**Exercise brief**
Images are not part of the copy; transcribe all the data exactly.

**Given data**
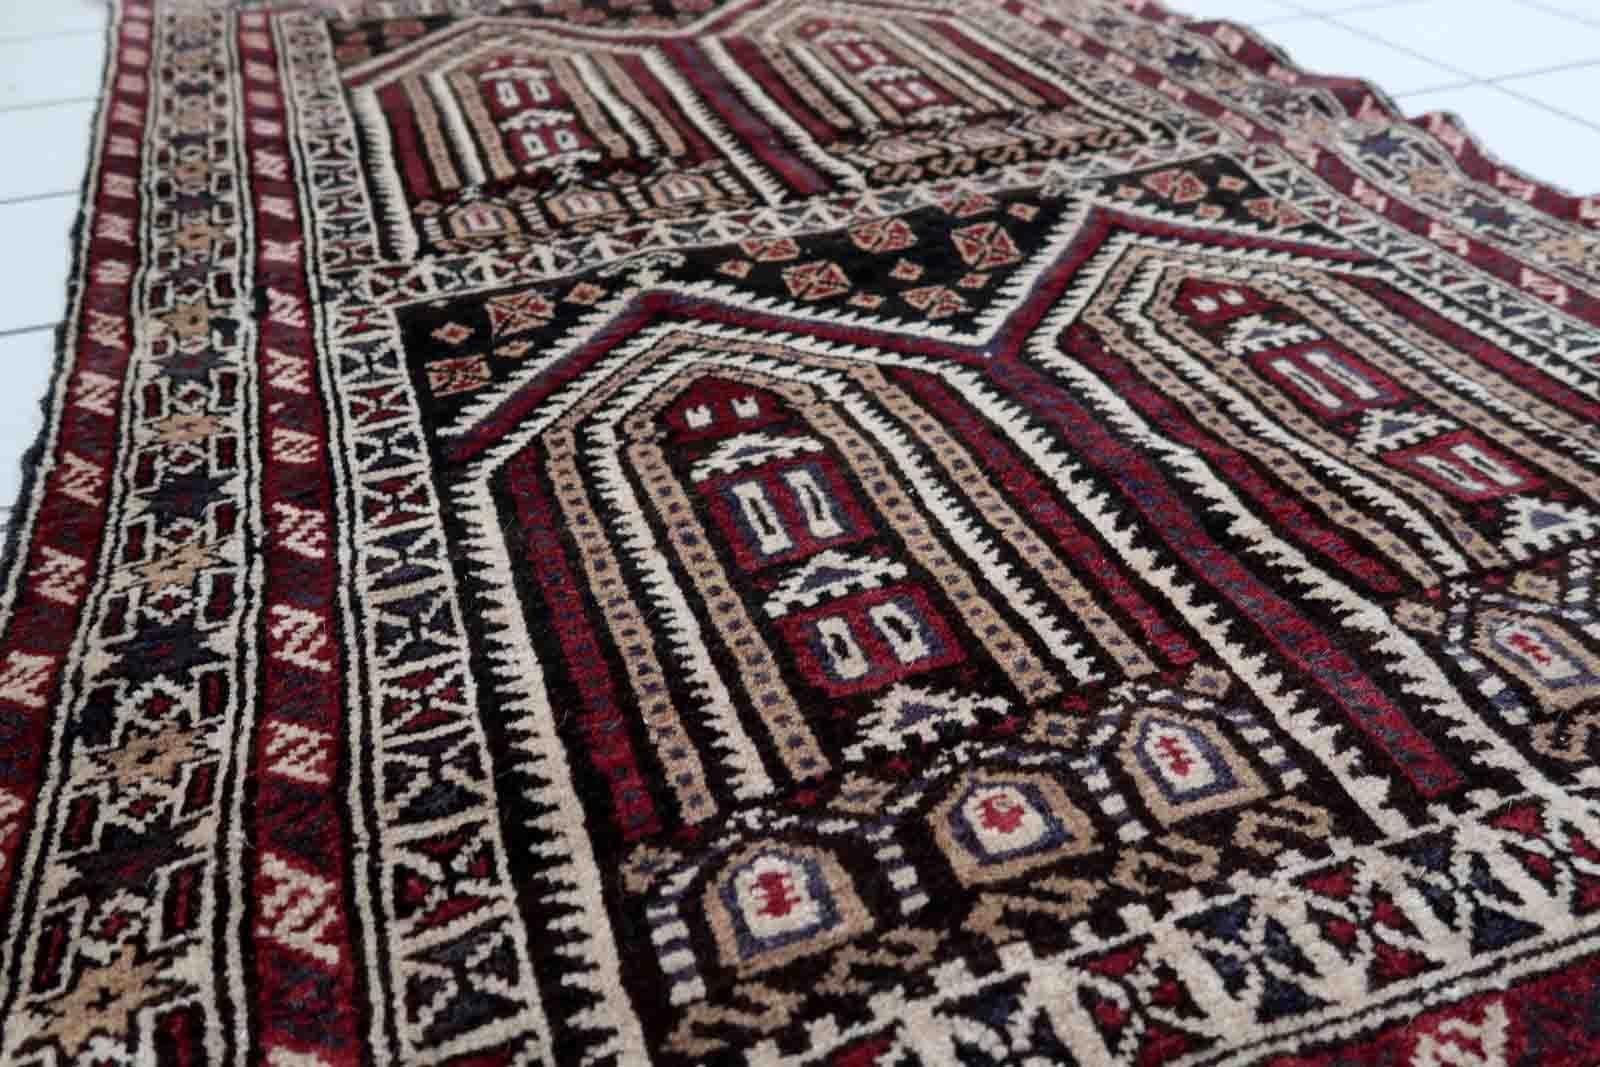 Handmade vintage Afghan Baluch rug in unusual multi-praying design. The rug is from the end of 20th century made in wool.

-condition: original good,

-circa: 1970s,

-size: 3' x 4.6' (95cm x 142cm),
​
-material: wool,

-country of origin:
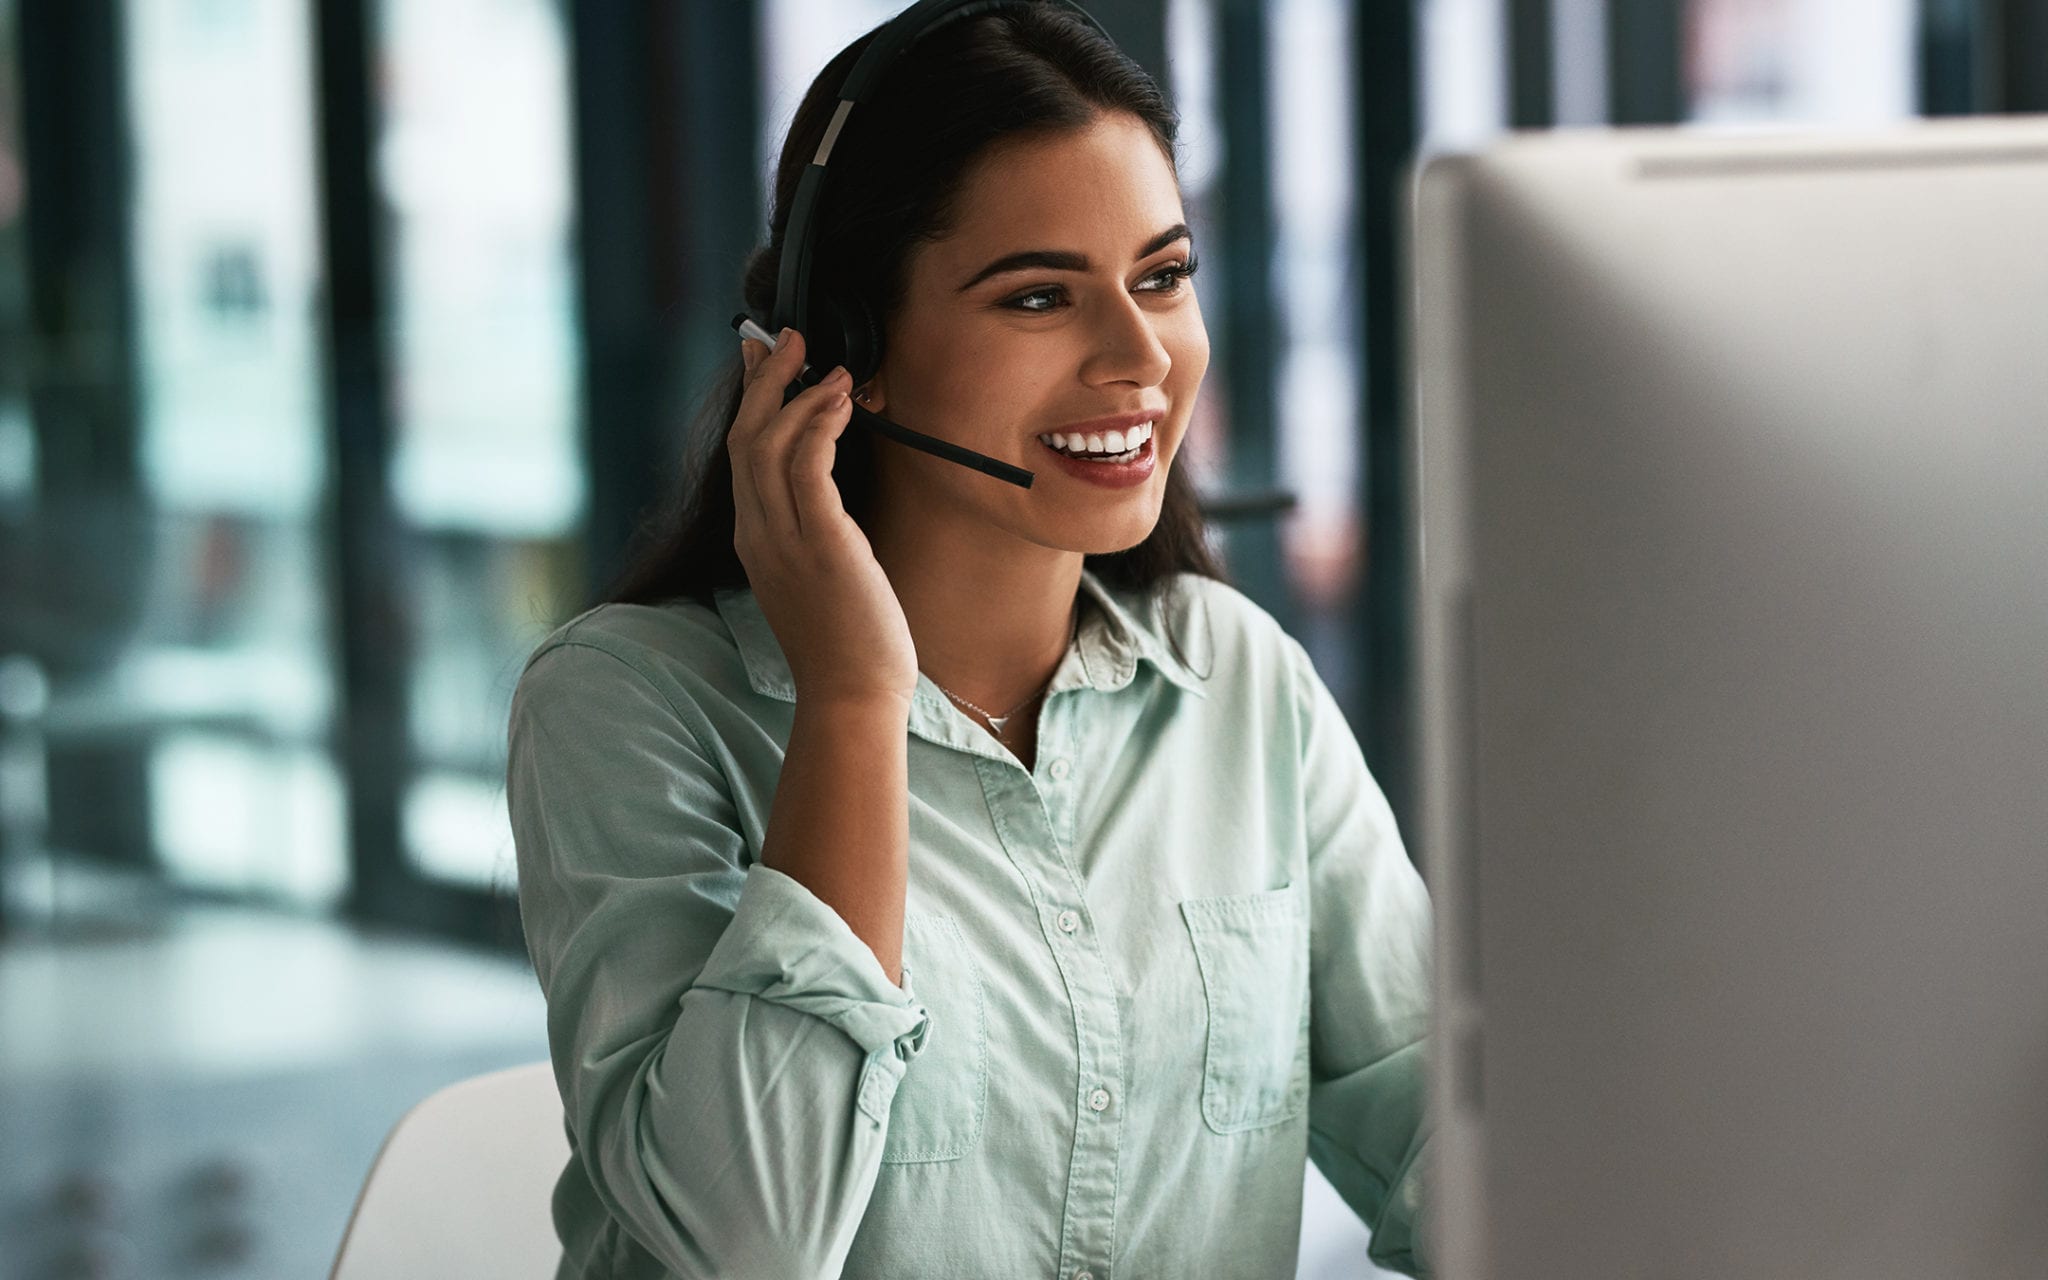 Employee at healthcare call center using Intelligent Engagement methods

**Solution for this problem**
 Handmade vintage Afghan Baluch rug in unusual multi-praying design. The rug is from the end of 20th century made in wool.

-condition: original good,

-circa: 1970s,

-size: 3' x 4.6' (95cm x 142cm),
​
-material: wool,

-country of origin:
 Employee at healthcare call center using Intelligent Engagement methods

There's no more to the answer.